Sure, the car industry uses its fair share of gimmicks to sell cars, but there's no denying that there's plenty of evolution and innovation going on.

PC makers also need to do something that most companies know they need to do but that the PC OEMs seem to be very bad at. They need to become better at selling PCs.

For too long they've been relying on Microsoft to create demand by releasing a new version of Windows. Think advertising doesn't make a difference? Look at the massive profits that Apple reaps from having effective advertising. Compare this to the lame, generic ad campaigns that you see for desktop and notebooks. I already know that laptops fold in the middle, and that PCs run Windows.

Tell me something I don't know!

It's no wonder people aren't buying PCs. It's clear from the adverts that even the PC OEMs don't know why people should buy a PC.

Microsoft, to its credit, is working hard to add cool new features to Windows that bring new things to the table for both home and enterprise PC users. Features such as Cortana and Windows Hello give PC OEMs an opening to craft systems that are designed to take advantage of what Windows 10 has to offer, but so far I'm not seeing many take up that opportunity.

Maybe this goes some way to explaining the success that Microsoft is having with its Surface hardware. The new Surface Pro 4 and Surface Book are not only excellent devices, but they are so well crafted to take advantage of what Windows 10 has to offer. When people ask me what Windows 10 PC they should buy, the Surface Pro 4 and Surface Book are always at the top of the list.

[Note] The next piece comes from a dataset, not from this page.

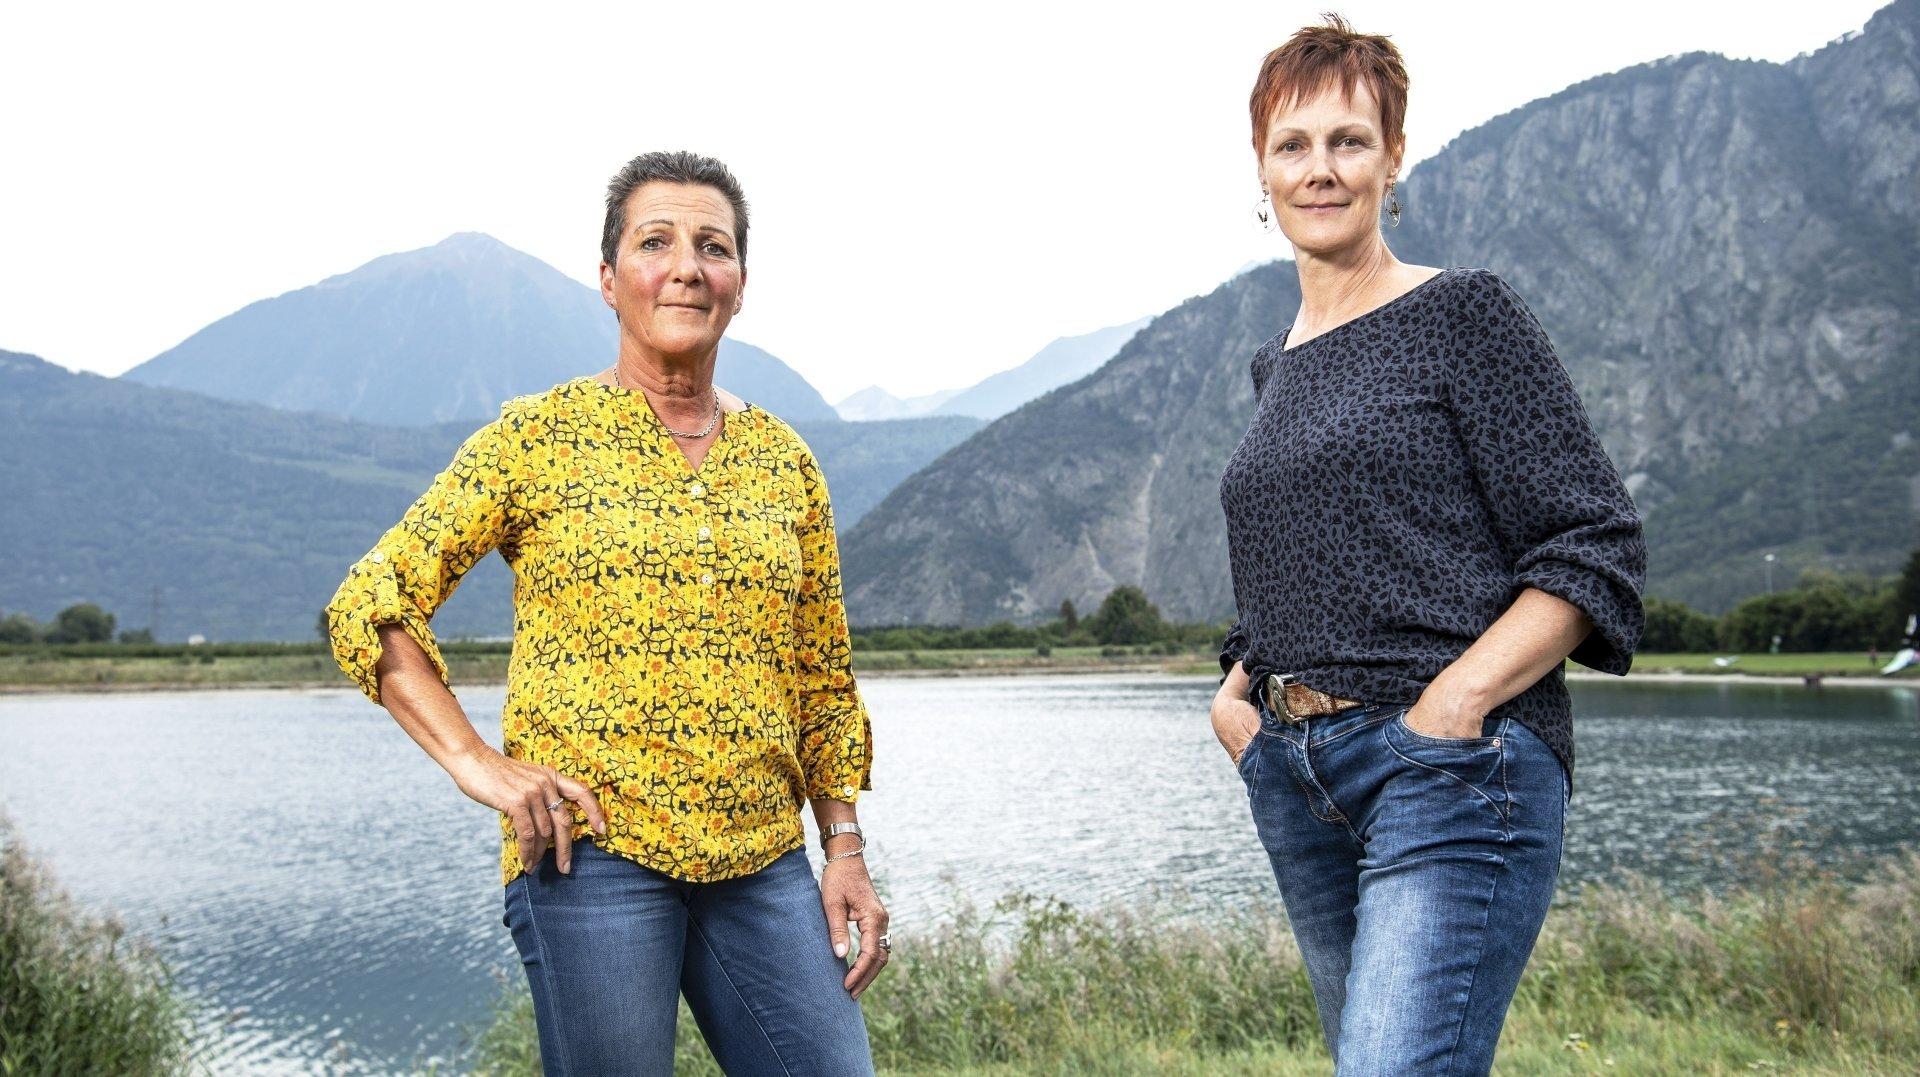 Roxane Frei et Raymonde Veuthey ont accepté de témoigner à visage découvert, même si elles sont conscientes qu'afficher ouvertement un refus du vaccin peut susciter des réactions violentes.

Finally, OEMs need to work at putting PCs back into the game by giving them a bigger part in modern technologies such as IoT and home automation. So much ground has been given over to smartphones that I don't think it's ever going to be possible for it to regain the position it once held, but there's still a place for the PC in the middle of all this. Apps on smartphone and tablets have their strengths, but the power and extra screen real estate that the PC offers would allow for even richer applications.

The PC as it currently stands has come to the end of the road, and if it is to survive then OEMs need to make a realistic assessment of how the computing landscape has changed over the past couple of decades and develop new PCs that will deliver what consumers - both home and business - want, as opposed to latching onto one new gimmick after the other.